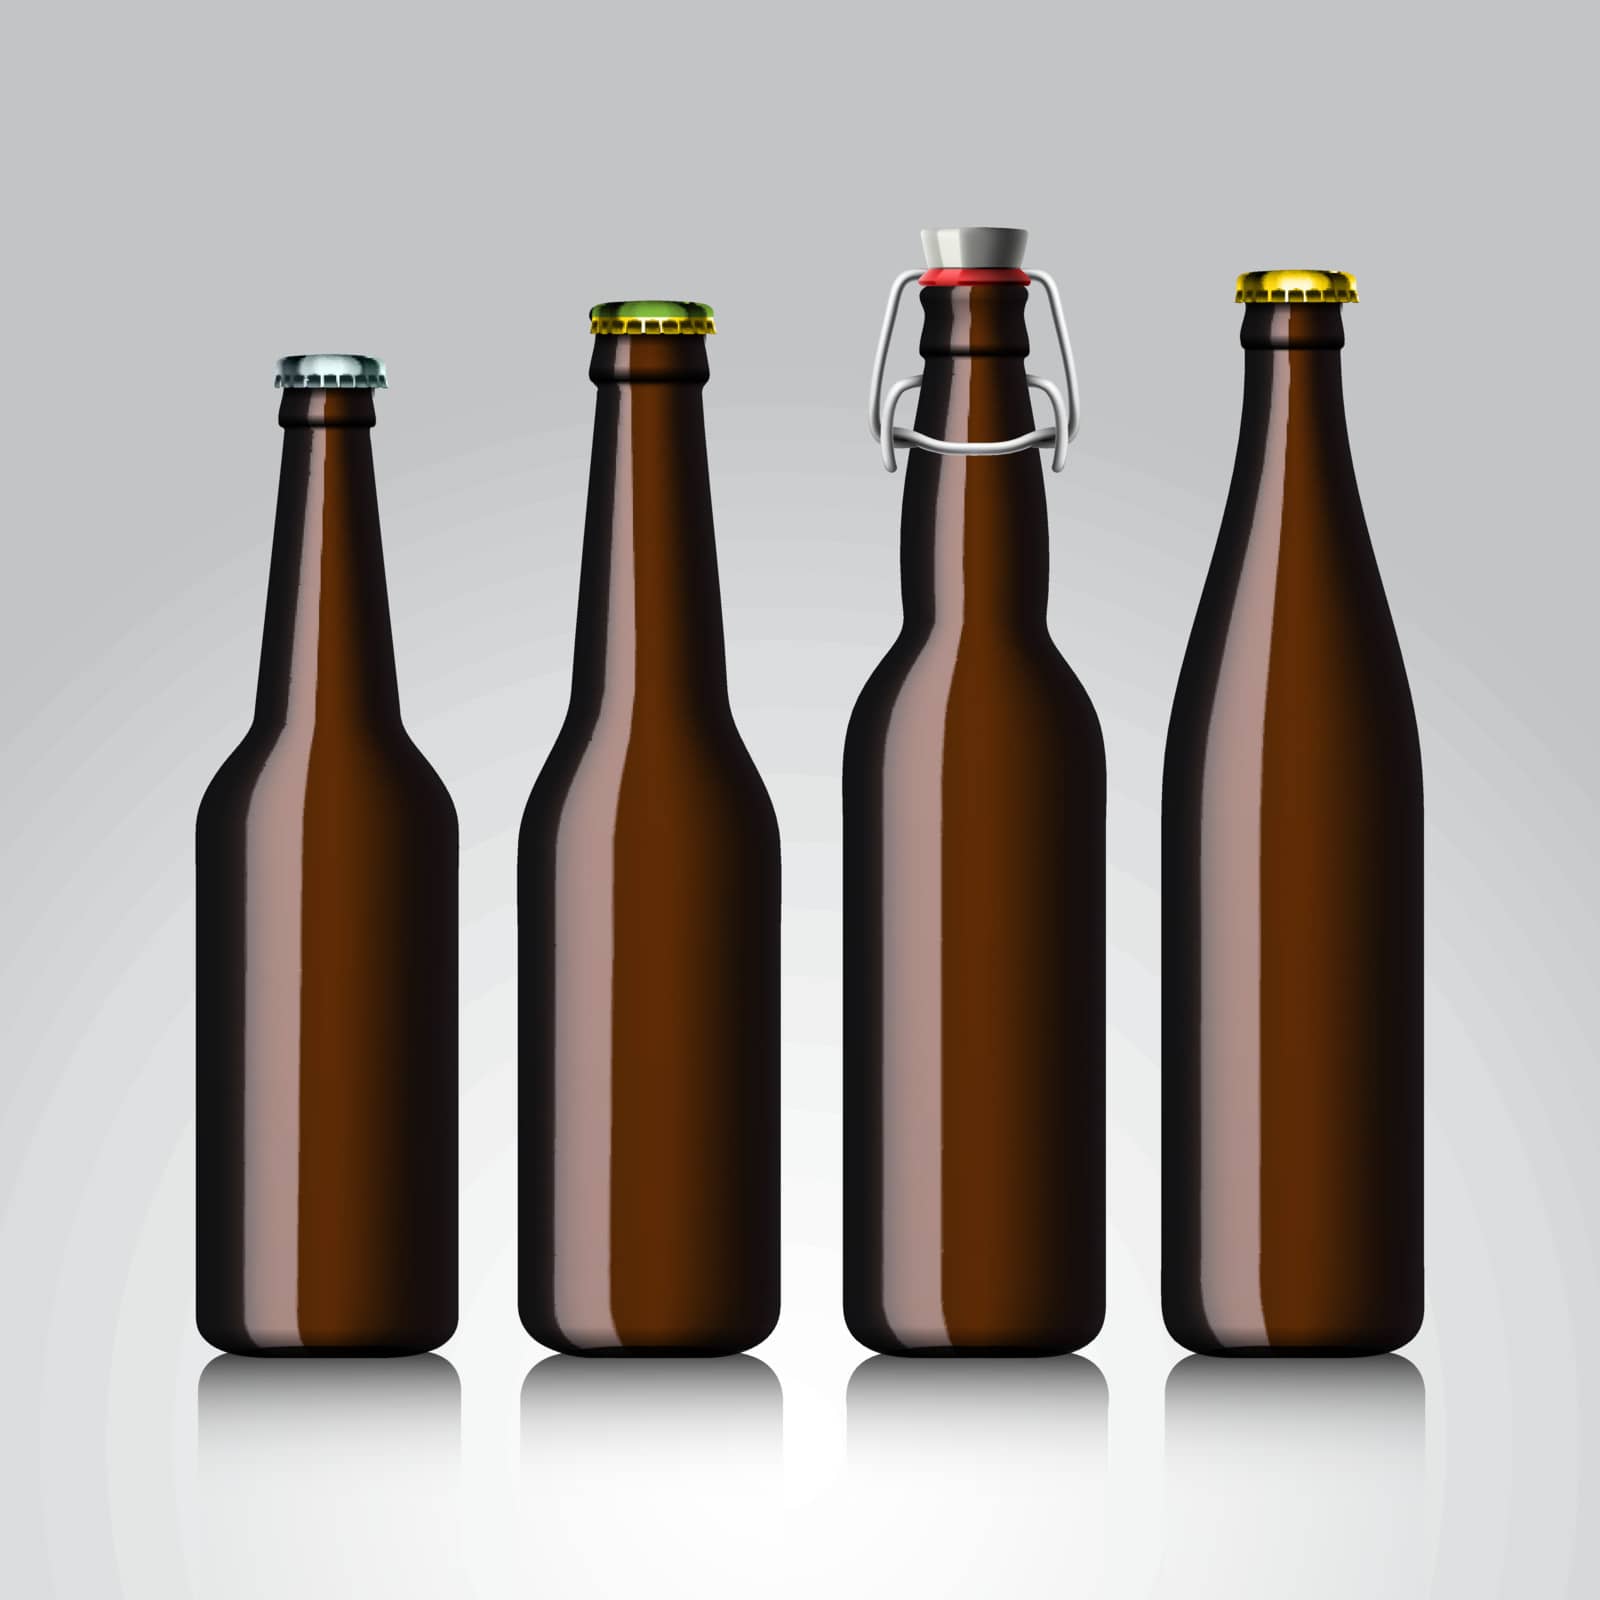 Beer bottle clear set with no label by ikopylov
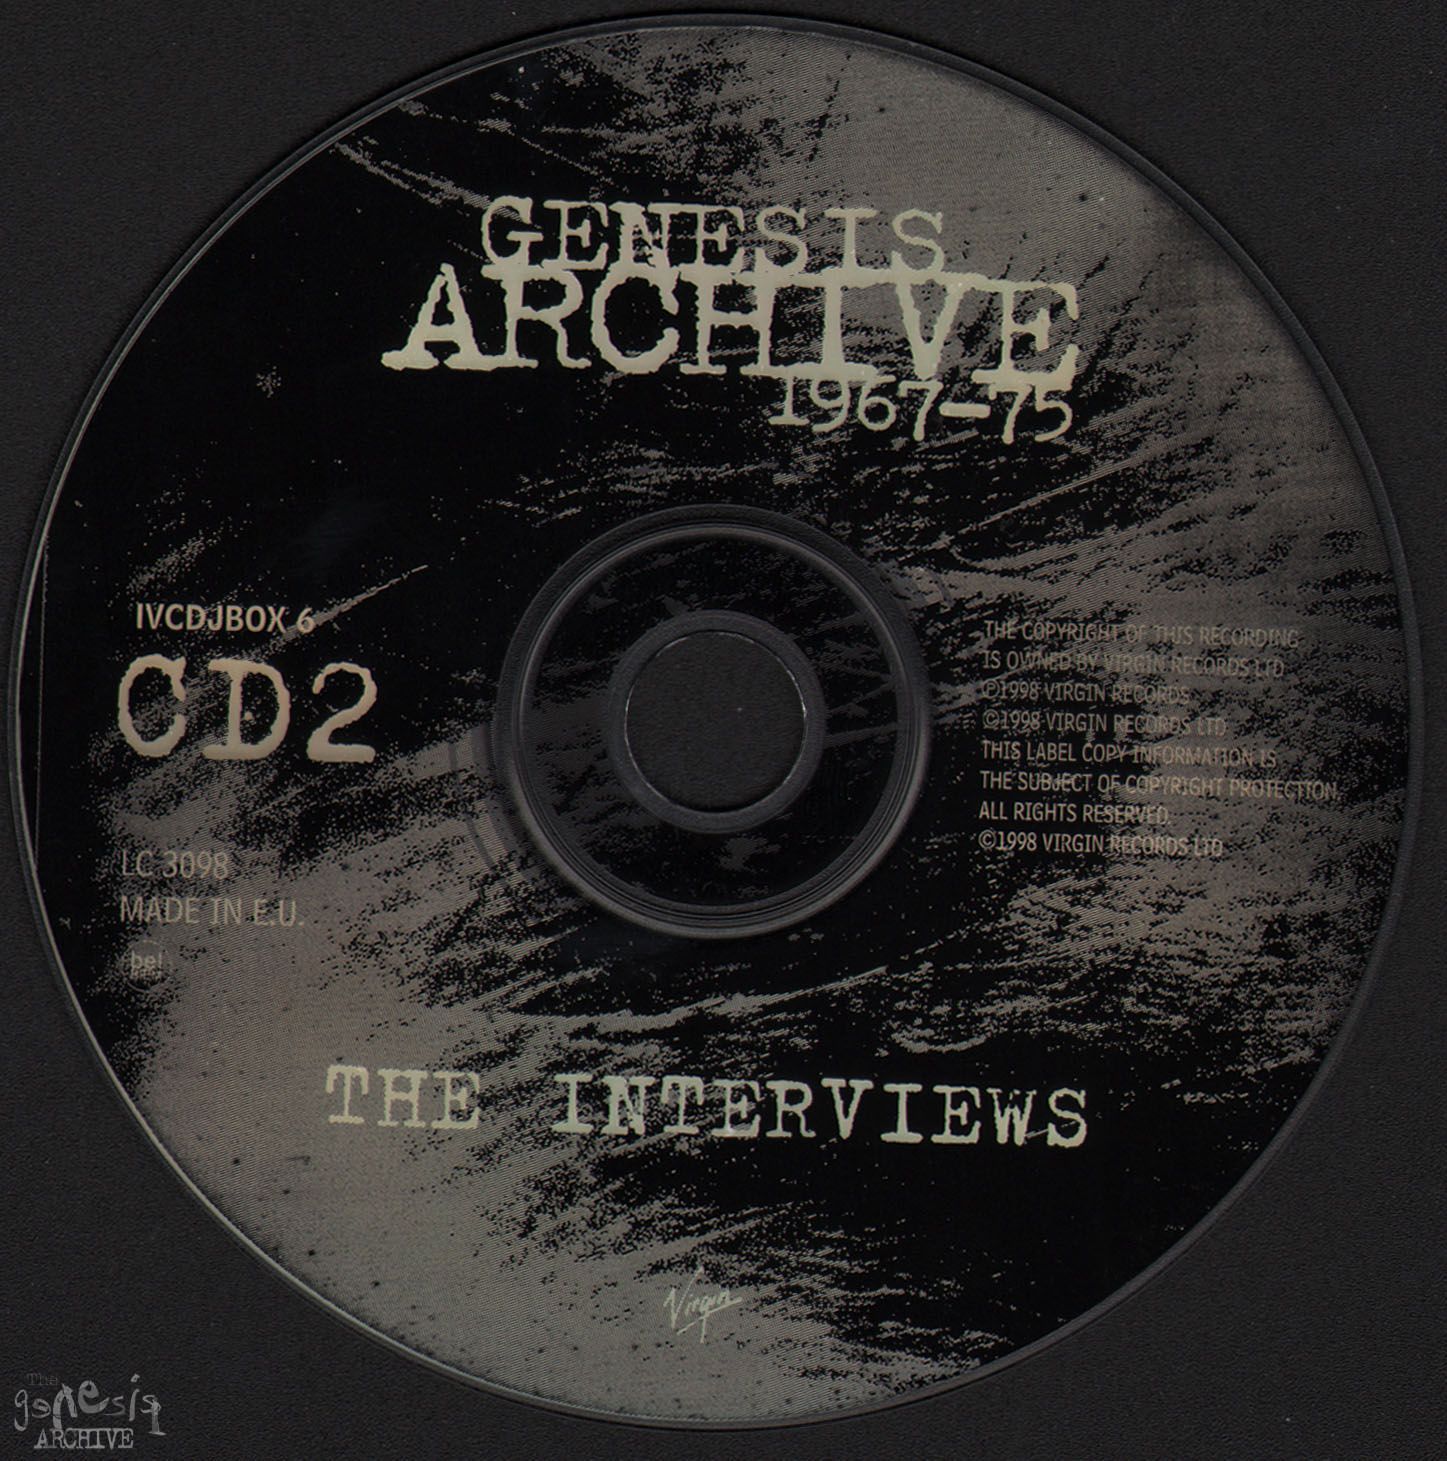 Genesis Archive One 1967 to 1975 Interview Double CD.
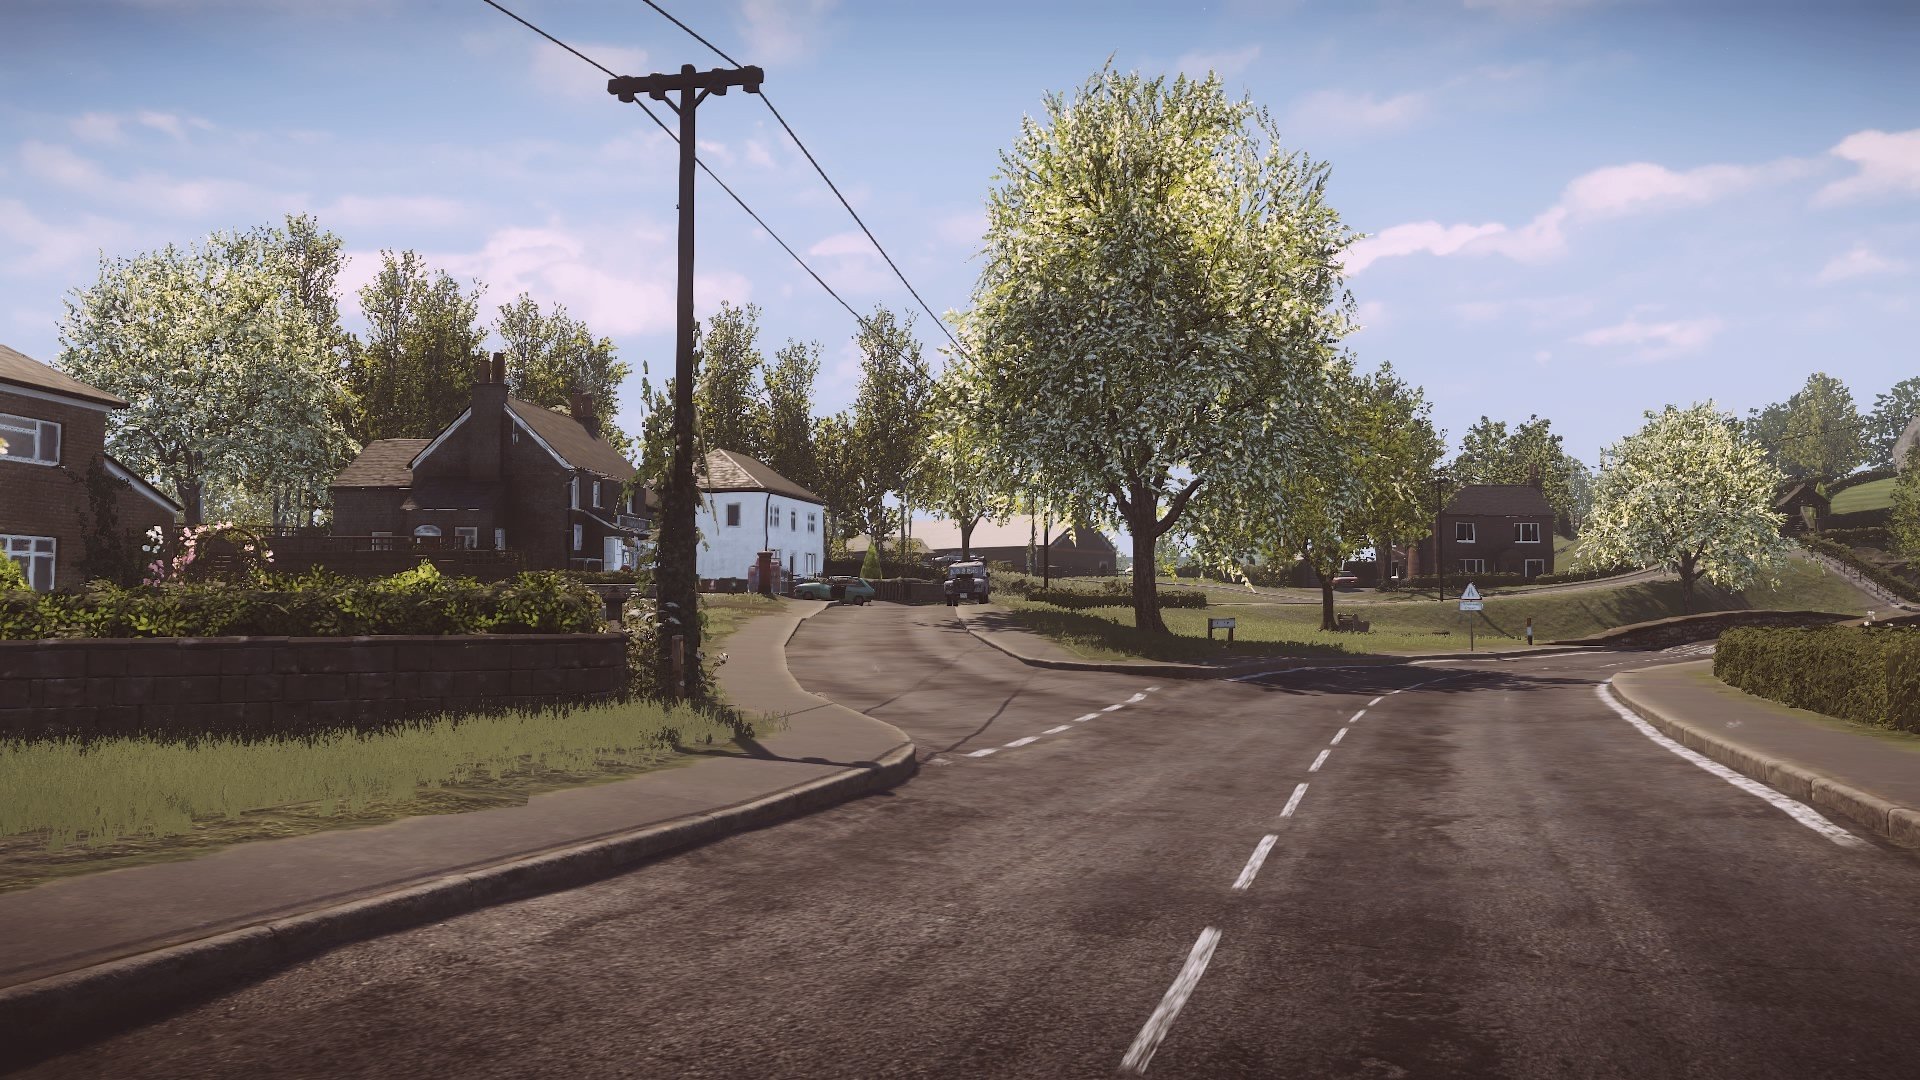 everybody gone to the rapture download free
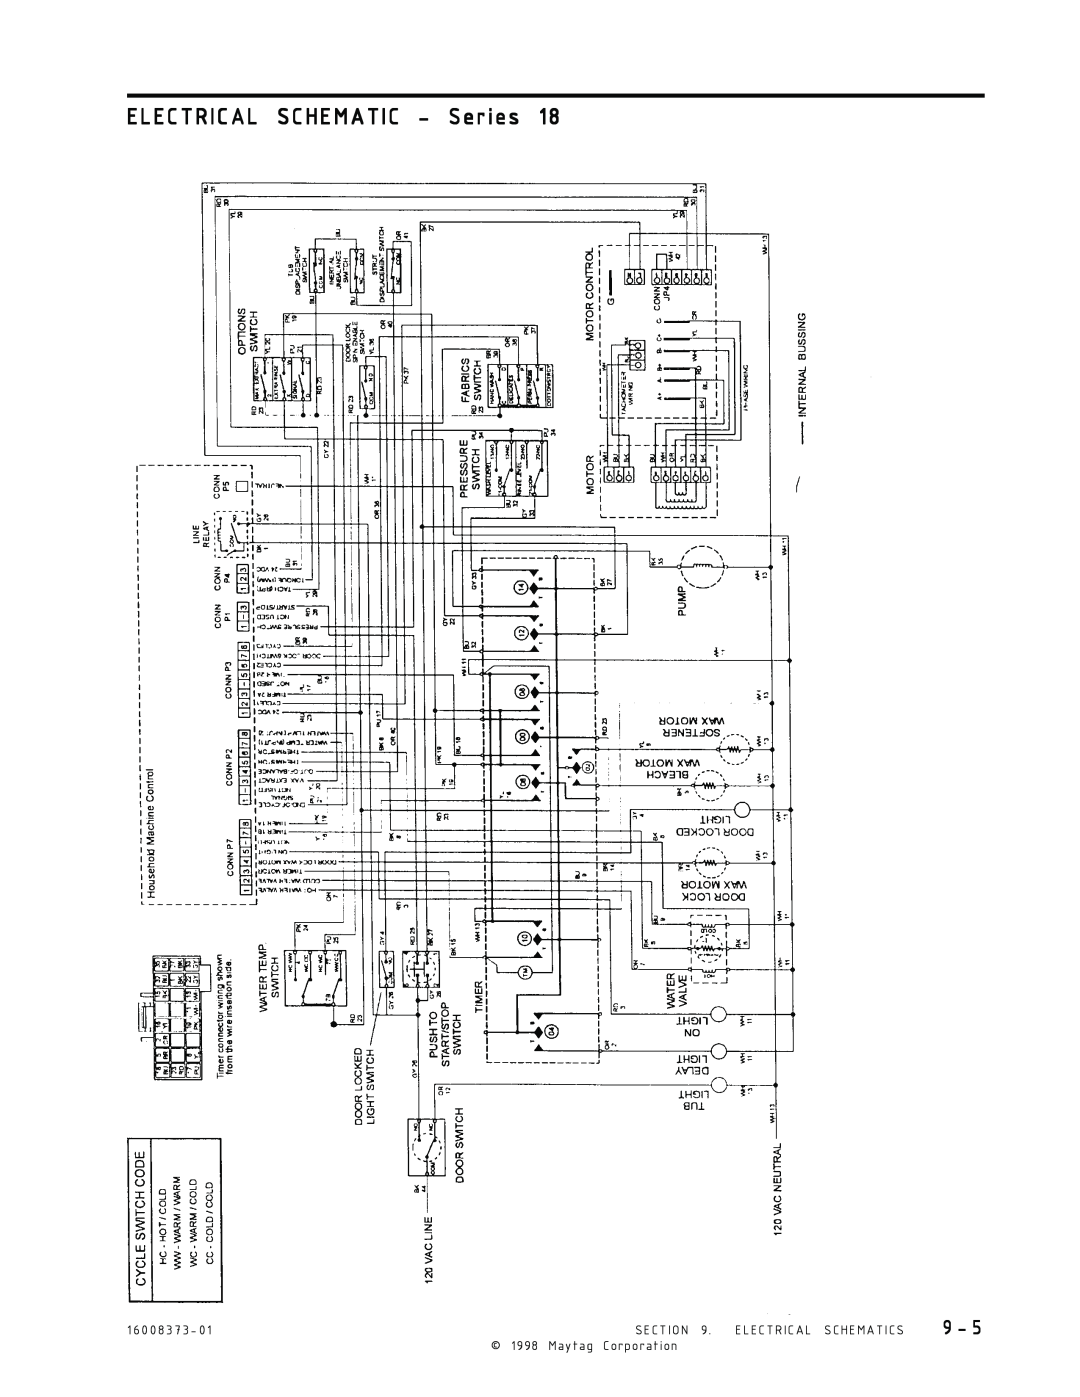 Whirlpool MAH3000 ELECTRICAL SCHEMATIC - Series, Section, Electrical Schematics, Maytag Corporation, 1 6 0 0 8 3 7 3 - 0

* _WHAT YOU HAVE TO DO_: In the copy you write, the data above must appear exactly, with no pictures.

* _EXERCISE ANSWER_:
 Beer bottle clear set with no label by ikopylov
 Genesis Archive One 1967 to 1975 Interview Double CD.
 everybody gone to the rapture download free
 Whirlpool MAH3000 ELECTRICAL SCHEMATIC - Series, Section, Electrical Schematics, Maytag Corporation, 1 6 0 0 8 3 7 3 - 0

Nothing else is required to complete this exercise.